Here is the output of nvidia-smi:

I have also run some commands: torch.cuda.is_available() returns False , while torch.backend.cudnn.enabled is True . I have tried with cudatoolkit 10.2 and cudatoolkit 11.1 , as well as cudatoolkit 11.3 also and I am still not being able to make a conda environment. After research I have come to know that the issue is due to driver incompatibility, but I still cannot find the solution.

Any help is appreciated. I am tagging @ptrblck as I am in a desperate need of help. The results here are for PyTorch 1.10.0 and cudatoolkit 10.1.243.

enter image description here

Here is conda list torch.

Your A100s need to use CUDA>=11.0, so the binaries with cudatoolkit==10.1.243 won’t work.
I also see that you’ve MIG enabled on the A100s. Is this on purpose? If so, mask the desired MIG instance via CUDA_VISIBLE_DEVICES and is it in your script as multiple MIG instances cannot be used together.

Thanks for the reply @ptrblck. I created a new environment and installed PyTorch using

conda install pytorch==1.8.0 torchvision==0.9.0 torchaudio==0.8.0 cudatoolkit=11.1 -c pytorch -c conda-forge

But it still shows torch.cuda.is_available() as false and gives a warning.

@smth Can you please help?

Is this a new setup, i.e. did you just install or update new drivers?
The last error message claims the driver fails to initialize, which could come from a broken installation or an update without a restart etc.

@ptrblck I just got an ID and password from my institute to login.
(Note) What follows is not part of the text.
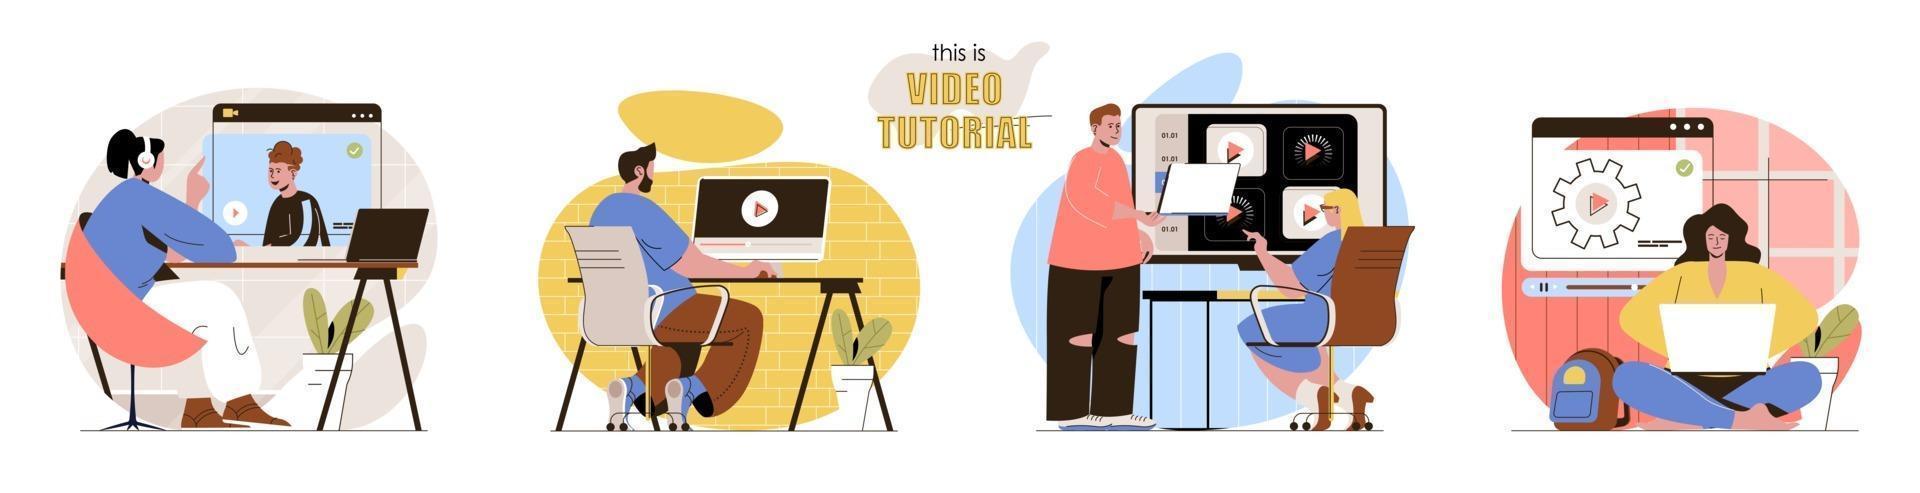 This is Video Tutorial concept scenes set vector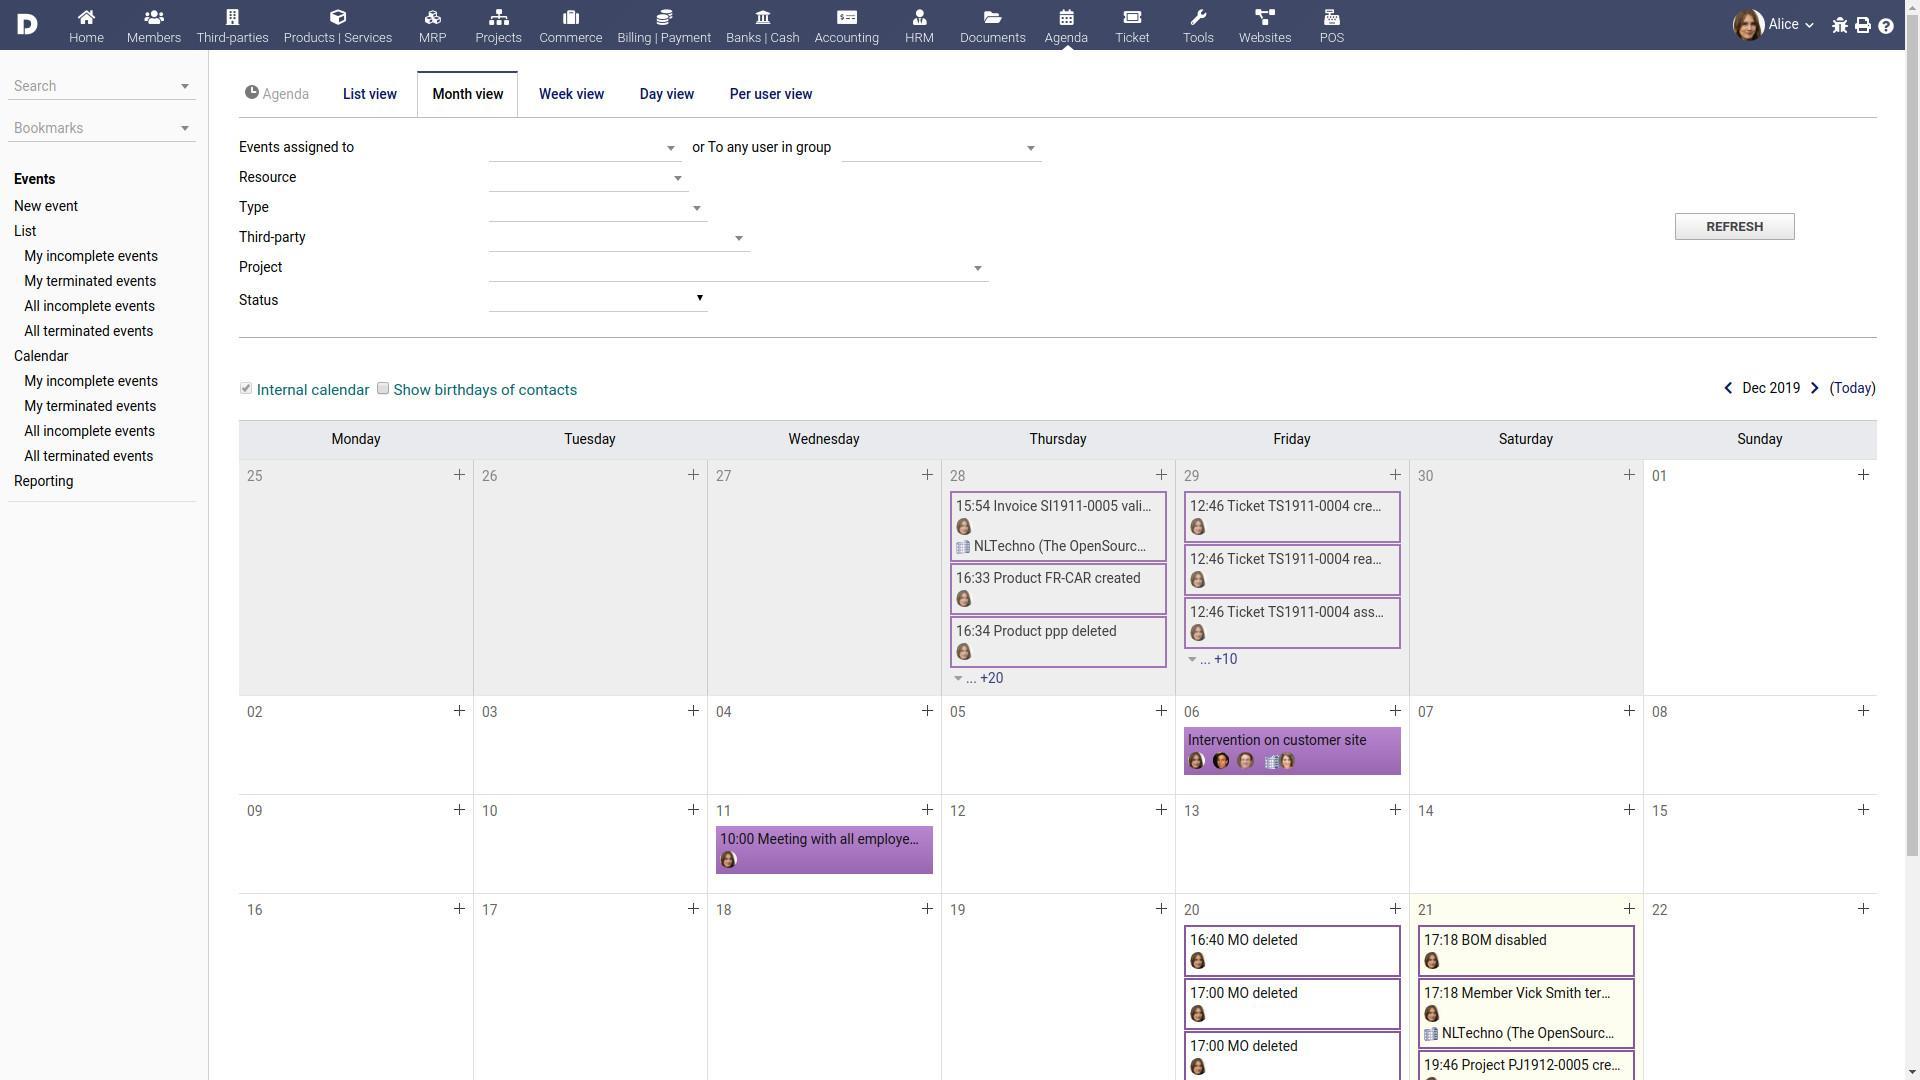 The calendars

All I’ve done is to try and install Pytorch using conda.

Hey @ansh7xpex I ran into a similar problem. You are probably installing the cpu version of pytorch. You need to make sure that you are installing the pytorch+cuda version. It seems that when you check for the pytorch version, you should expect somthing like ‘1.8.0+cu111’ indicating pytorch + cuda.
cuda

I could not get conda command to work because of some connection error when downloading some files. So I ended up downloading the pytorch+cuda whl version on my computer and then using the pip command. You can download the whl from here https://download.pytorch.org/whl/cu111/torch-1.9.0%2Bcu111-cp39-cp39-win_amd64.whl

Here is the pip command: pip install torch-1.8.0+cu111-cp39-cp39-win_amd64.whl torchvision==0.9.0+cu111 torchaudio==0.8.0 -f https://download.pytorch.org/whl/torch_stable.html

You also need to create a new conda environment to avoid some installation errors.

I hope that helps.

@Mohammed thanks for the reply. I used this command:

pip install torch-1.8.0+cu111-cp39-cp39-win_amd64.whl torchvision==0.9.0+cu111 torchaudio==0.8.0 -f https://download.pytorch.org/whl/torch_stable.html

I do get the output for torch.__version__ you have posted but, the problem persists.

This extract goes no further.